Inverno mais curto: preocupação com El Niño e ondas de frio pouco intensas devem afetar negócios

Estação será úmida no Centro-Sul e seca em regiões do Nordeste. Diferentes segmentos da economia no Brasil podem ser impactadas diretamente

Por

Por redação

O inverno, que começa no Brasil nesta quarta-feira (21), às 11h58, estará sob a influência de El Niño. O que isso significa? Mudança de clima no mundo todo, com mais extremos de chuva e seca, ou mais ou menos ciclones tropicais, e aquecimento oceânico com impactos globais – inclusive a possibilidade de que 2024 seja o ano mais quente já observado na era instrumental.
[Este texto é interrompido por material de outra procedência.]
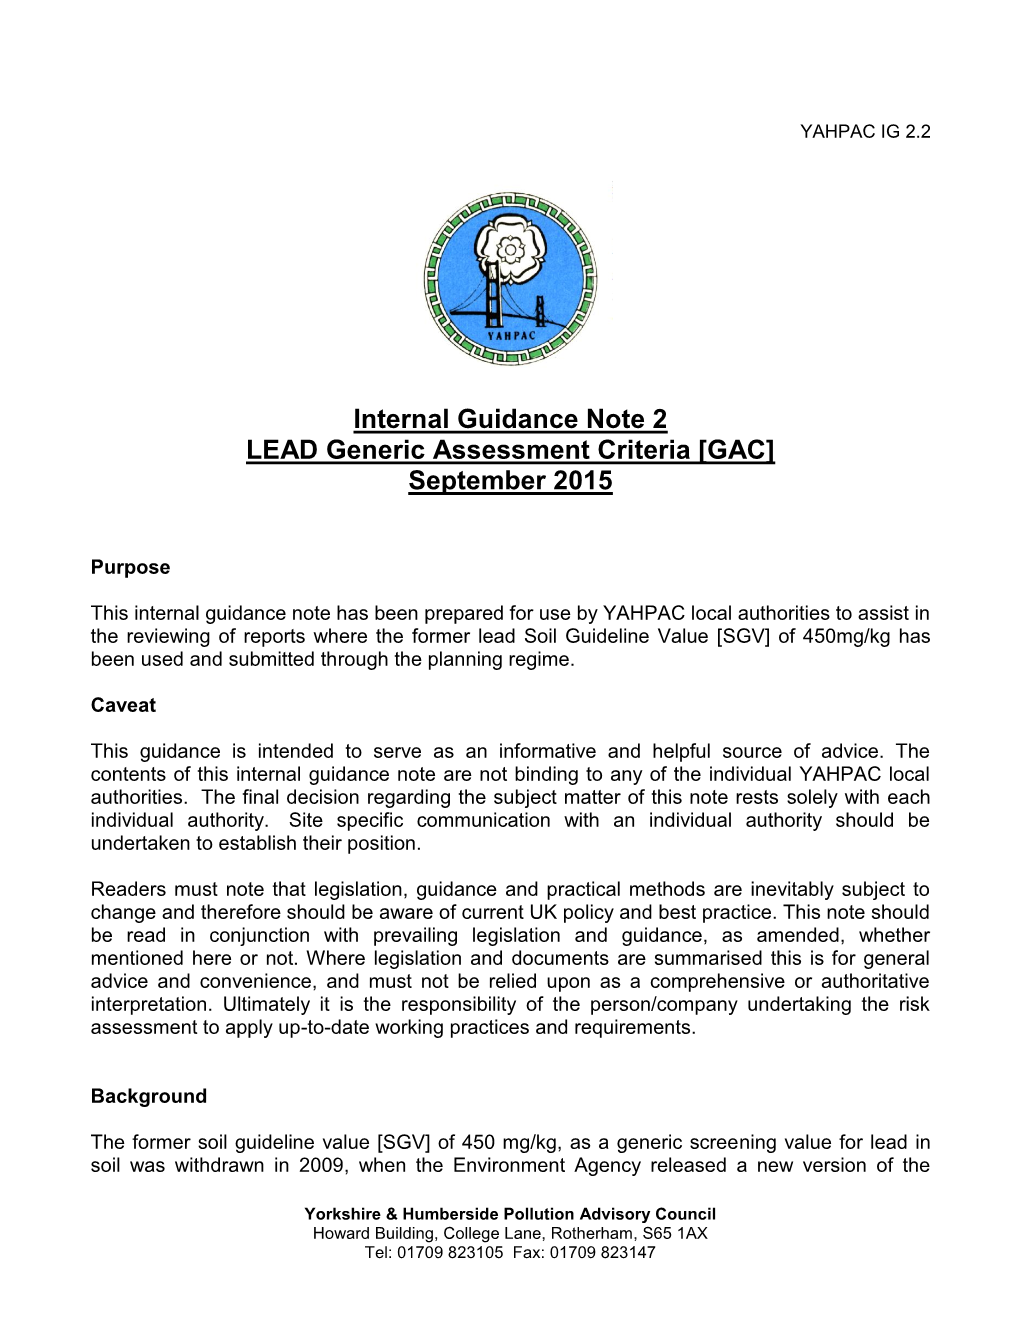 Internal Guidance Note 2 LEAD Generic Assessment Criteria [GAC] September 2015

Por aqui, atmosfera mais aquecida e maior umidade no Sul do Brasil devem significar que a frequência e o risco de temporais fortes de vento e granizo vão aumentar nos próximos meses, especialmente no fim do inverno, com o período mais crítico de tempo severo na primavera e no verão. Podem ocorrer muitos temporais com estragos no Sul do país. Os sistemas frontais chegarão com mais intensidade na Região Sul, com a possibilidade de algumas ondas de frio atingirem o Sudeste e o Centro-Oeste. Mas essas ondas não deverão ser muito intensas e duradouras.

As características deste inverno, no país, vão também influenciar diferentes segmentos da economia. A Nottus, empresa de inteligência de dados e consultoria meteorológica para negócios, analisou as principais tendências para a próxima estação e analisa que, tradicionalmente, são impactados diretamente nessa época do ano segmentos como o varejo, que depende da venda das coleções de inverno, alimentos e bebidas, e o setor elétrico, cujos reservatórios das hidrelétricas normalmente têm o seu nível reduzido devido à menor incidência de chuvas característica da estação.

"A expectativa é de que teremos o que se costuma chamar de um 'inverno fraco' para o varejo. Sabemos que a roupa de inverno, por exemplo, é mais cara, pesada, e precisa ser vendida nessa época, se não ocupa muito espaço do estoque, por exemplo. O setor é um dos que precisam estar preparados para os possíveis prejuízos desse inverno mais curto", avalia Desirée Brandt, meteorologista e diretora da Nottus.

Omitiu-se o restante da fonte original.